Ostensibly, like most towns in America, Sesqua Valley had at least one Old Family, one whose roots twisted all the way back to the Nootka Convention and this state’s nativity. In this case it was the Williams family, who had resided in Sesqua Valley for as long as anyone could remember. Whether it was their extensive bloodline or some other quirk I cannot say, but the Williams family had a reputation for being more fey than earthly; none more so than Simon Gregory Williams, the notorious Man in the Tower.
According to legend (or simply to the puckish imagination of our driver), Simon Gregory Williams always walked with each of his feet in different realms. He was driven by strange, dark forces, and thus lived a solitary life instead of cavorting with the locals. His time was his own and he filled it with creative and esoteric pursuits. By the time he’d reached manhood, Williams’ collection of arcane books was so great that he resorted to constructing a fortified tower to store his library. As to why he had chosen to build this tower at the base of Mount Selta, the theories were legion: everything from leylines running beneath the soil to his own obsession with Sacred Geometry. Whatever the reason, a cylindrical tower was erected, and behind its bolted door of iron Simon Gregory Williams spent the lion’s share of his remaining years, studying, chanting queer words, attempting to call things back from afar.
Though he never hosted a single guest in his tower, it was said that Williams was never alone out there.
“So what happened to him?” Craig had asked. He was caught; hook, line, and sinker.
When our driver said that Williams had simply disappeared without a trace I think I might have groaned. The clichés didn’t seem to bother Craig. He watched with breathless delight as the man extracted a silver pen from the inside pocket of his blazer and used it to sketch a crosshatched topography of Mount Selta and the cold black river that flowed near its base...and the tower that stood amongst the sycamores and the evergreens.
And with that our driver dabbed the corners of his mouth with a napkin, nodded, and wished us luck on our quest.
/> I hate to think that I had become as susceptible to uncanny influence as Craig, but as I watched the man exit the restaurant and make his way to his sedan, it did seem as though he was merging with the evening shadows, which were stretching long and lean across the parking lot.
The Pacific Northwest is beautiful, particularly in summer, which is why I tend to doubt the reality of the deep autumn chill that hung heavily over the valley during our hike into the woods and along the river.

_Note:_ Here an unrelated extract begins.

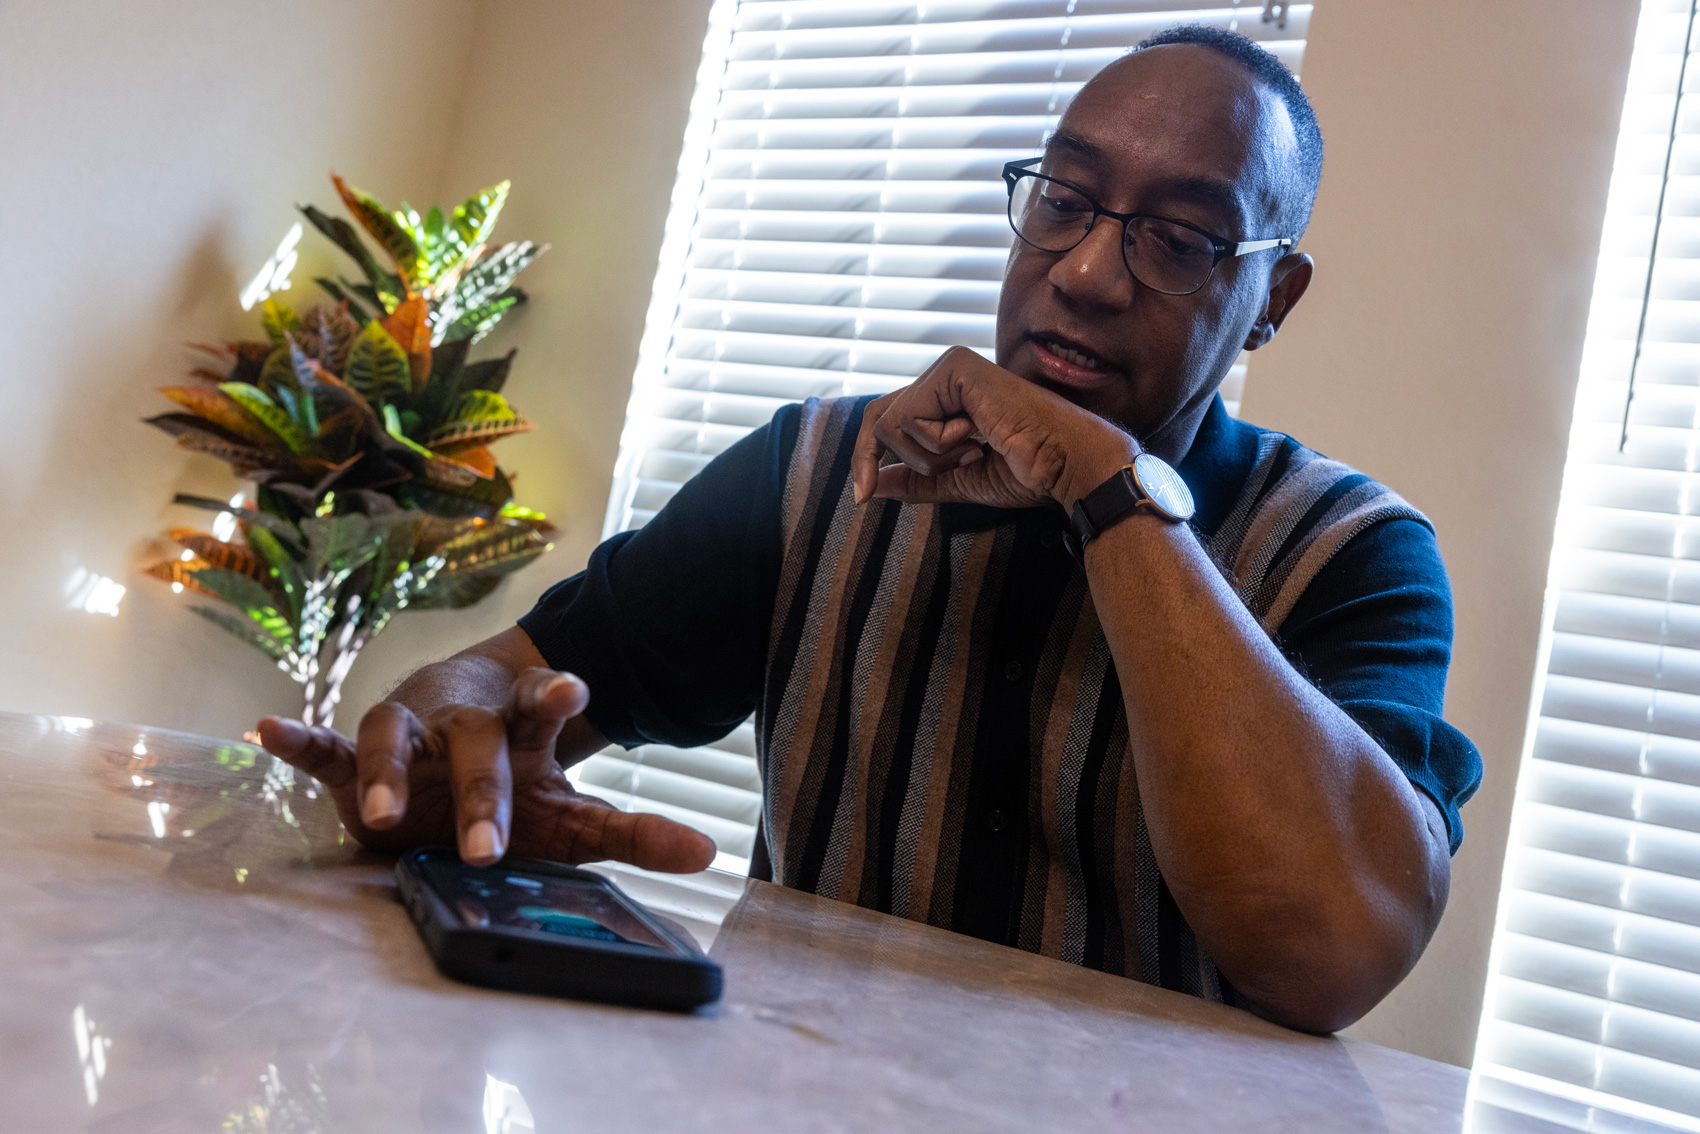 Sam Elam speaks with his brother Darius over the phone at his home, Tuesday, Sept. 26 in Houston.
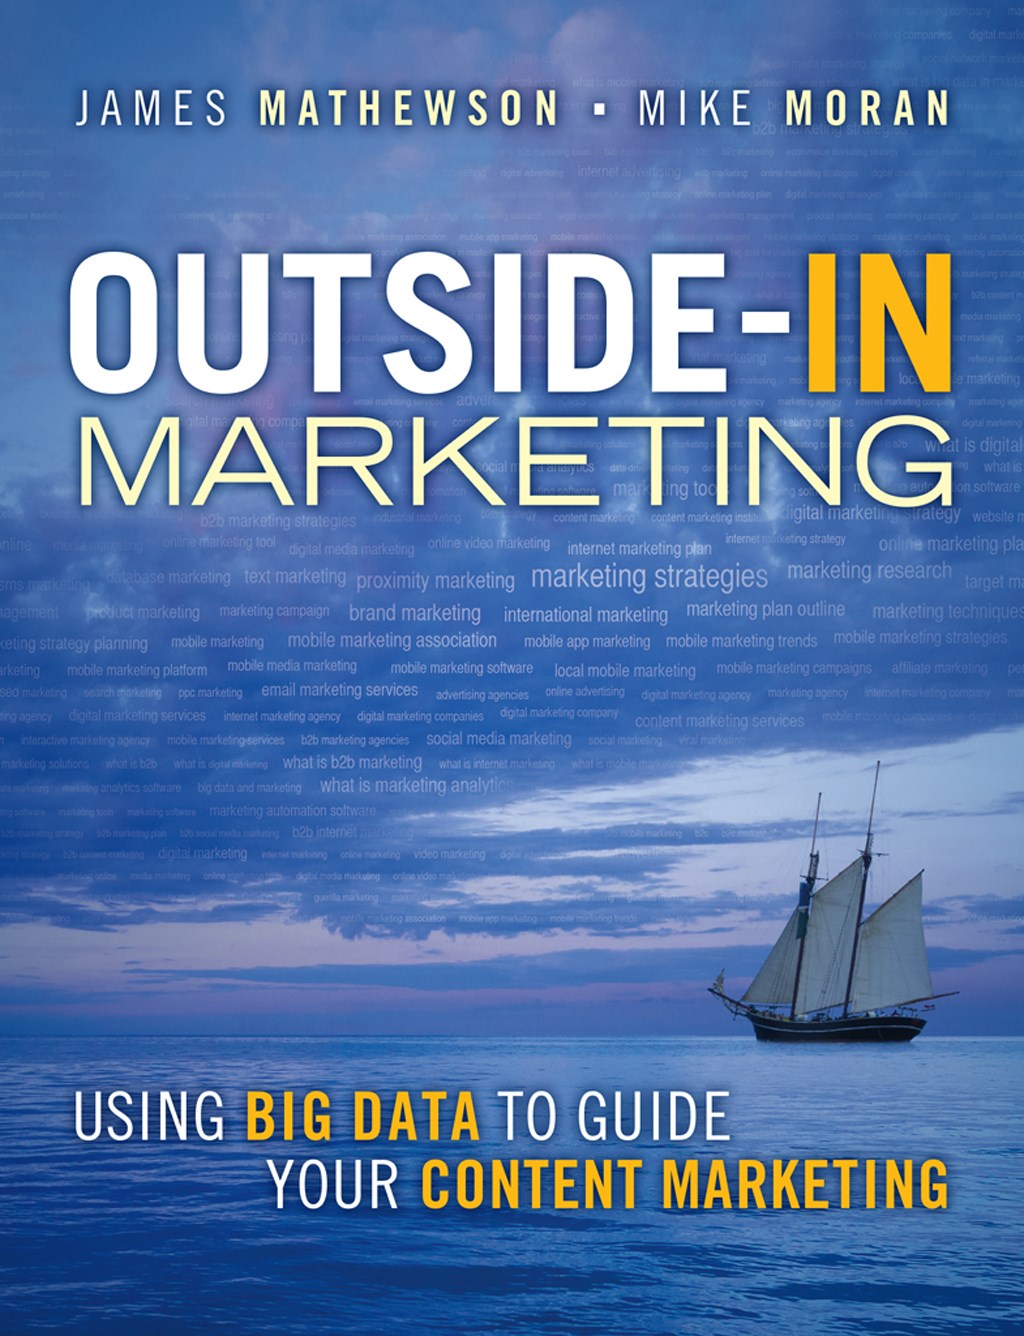 Outside-In Marketing: Using Big Data to Guide Your Content Marketing by James Mathewson and Mike Moran

Based on that memory alone, I would say that the region was nothing short of ominous, even hostile.
Steam rose from the coldly churning river. Craig charged onward, the crude map clutched in one fist, a flashlight in the other. I spent the majority of the journey calling out my doubts about the authenticity of the map, and my worries over the potential dangers we were putting ourselves in by traipsing into the alien woods in the dead of night.
My protests were in vain. Craig would not yield until he had drunk in the Williams site with his own eyes.
And when our path finally intersected with the tower, or rather its remnants, Craig toppled just as our destination must have, perhaps on a night as Gothic as this one.
It must have been an impressive, imposing monument at one time. Assuming of course that one can judge a thing solely by examining its bones, for that was all that was left of Simon Gregory Williams’ sanctuary. Whoever or whatever had destroyed the tower must have done so with great force, for Craig and I had begun to stagger over the chunks of cinderblock for a good half-mile before we finally came to the clearing. We both stood, our ankles aching from the sudden jerks and twists they had endured. The two of us looked upon the twisted shape by the moon’s grey light. It seemed to spiral up from the fallow soil like a stalk of redbrick and iron.